> **ASSIGNMENT**
When you find the word "Free" in a line of the entries, please copy the whole line.

> **SUPPLIED MATERIAL**
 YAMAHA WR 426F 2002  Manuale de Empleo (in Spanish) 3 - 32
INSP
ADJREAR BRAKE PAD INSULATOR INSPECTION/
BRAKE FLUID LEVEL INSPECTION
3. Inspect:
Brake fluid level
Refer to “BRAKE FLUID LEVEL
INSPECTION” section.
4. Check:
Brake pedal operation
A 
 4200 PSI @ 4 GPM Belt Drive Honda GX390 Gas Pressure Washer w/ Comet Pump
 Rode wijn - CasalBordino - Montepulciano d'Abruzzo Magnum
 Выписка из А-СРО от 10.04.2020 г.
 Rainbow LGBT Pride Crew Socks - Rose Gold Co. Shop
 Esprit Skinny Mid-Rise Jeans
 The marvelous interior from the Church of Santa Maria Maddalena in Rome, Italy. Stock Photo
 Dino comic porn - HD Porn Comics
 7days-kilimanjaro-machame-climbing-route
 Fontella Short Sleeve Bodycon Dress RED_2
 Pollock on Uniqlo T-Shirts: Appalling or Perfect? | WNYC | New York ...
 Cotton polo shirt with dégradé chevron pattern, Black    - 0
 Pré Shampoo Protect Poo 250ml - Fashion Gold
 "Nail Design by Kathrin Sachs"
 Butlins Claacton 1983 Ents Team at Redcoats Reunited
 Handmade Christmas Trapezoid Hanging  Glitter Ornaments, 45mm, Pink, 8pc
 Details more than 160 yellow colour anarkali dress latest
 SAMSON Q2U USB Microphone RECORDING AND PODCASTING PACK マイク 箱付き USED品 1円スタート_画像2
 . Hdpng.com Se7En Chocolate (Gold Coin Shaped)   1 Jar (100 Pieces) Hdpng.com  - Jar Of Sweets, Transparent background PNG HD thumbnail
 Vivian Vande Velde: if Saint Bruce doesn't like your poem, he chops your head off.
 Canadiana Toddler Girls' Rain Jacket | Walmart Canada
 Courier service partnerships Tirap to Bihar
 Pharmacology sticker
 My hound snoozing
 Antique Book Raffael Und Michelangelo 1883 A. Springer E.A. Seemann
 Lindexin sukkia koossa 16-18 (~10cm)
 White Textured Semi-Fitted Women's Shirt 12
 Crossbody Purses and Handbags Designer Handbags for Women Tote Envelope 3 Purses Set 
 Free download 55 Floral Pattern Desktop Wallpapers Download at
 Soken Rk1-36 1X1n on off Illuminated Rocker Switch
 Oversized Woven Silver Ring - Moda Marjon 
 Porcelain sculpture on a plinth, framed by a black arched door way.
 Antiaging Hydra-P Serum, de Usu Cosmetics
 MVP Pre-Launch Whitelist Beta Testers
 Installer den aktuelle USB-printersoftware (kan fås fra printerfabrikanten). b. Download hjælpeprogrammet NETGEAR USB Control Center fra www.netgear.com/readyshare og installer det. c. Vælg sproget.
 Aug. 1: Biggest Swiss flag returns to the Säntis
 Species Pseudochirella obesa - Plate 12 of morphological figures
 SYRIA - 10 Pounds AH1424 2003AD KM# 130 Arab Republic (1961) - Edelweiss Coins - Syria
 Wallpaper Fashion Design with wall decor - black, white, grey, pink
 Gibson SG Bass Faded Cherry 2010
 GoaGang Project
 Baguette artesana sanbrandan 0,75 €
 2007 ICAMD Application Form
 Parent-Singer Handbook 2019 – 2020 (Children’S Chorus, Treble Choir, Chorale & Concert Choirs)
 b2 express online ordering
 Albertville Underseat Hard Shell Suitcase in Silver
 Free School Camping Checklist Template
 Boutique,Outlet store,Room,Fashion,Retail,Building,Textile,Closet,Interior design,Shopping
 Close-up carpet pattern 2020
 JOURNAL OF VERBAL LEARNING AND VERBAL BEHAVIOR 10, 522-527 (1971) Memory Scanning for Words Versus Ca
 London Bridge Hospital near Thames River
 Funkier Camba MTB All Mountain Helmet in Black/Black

> **TASK RESULT**
 Free download 55 Floral Pattern Desktop Wallpapers Download at
 Free School Camping Checklist Template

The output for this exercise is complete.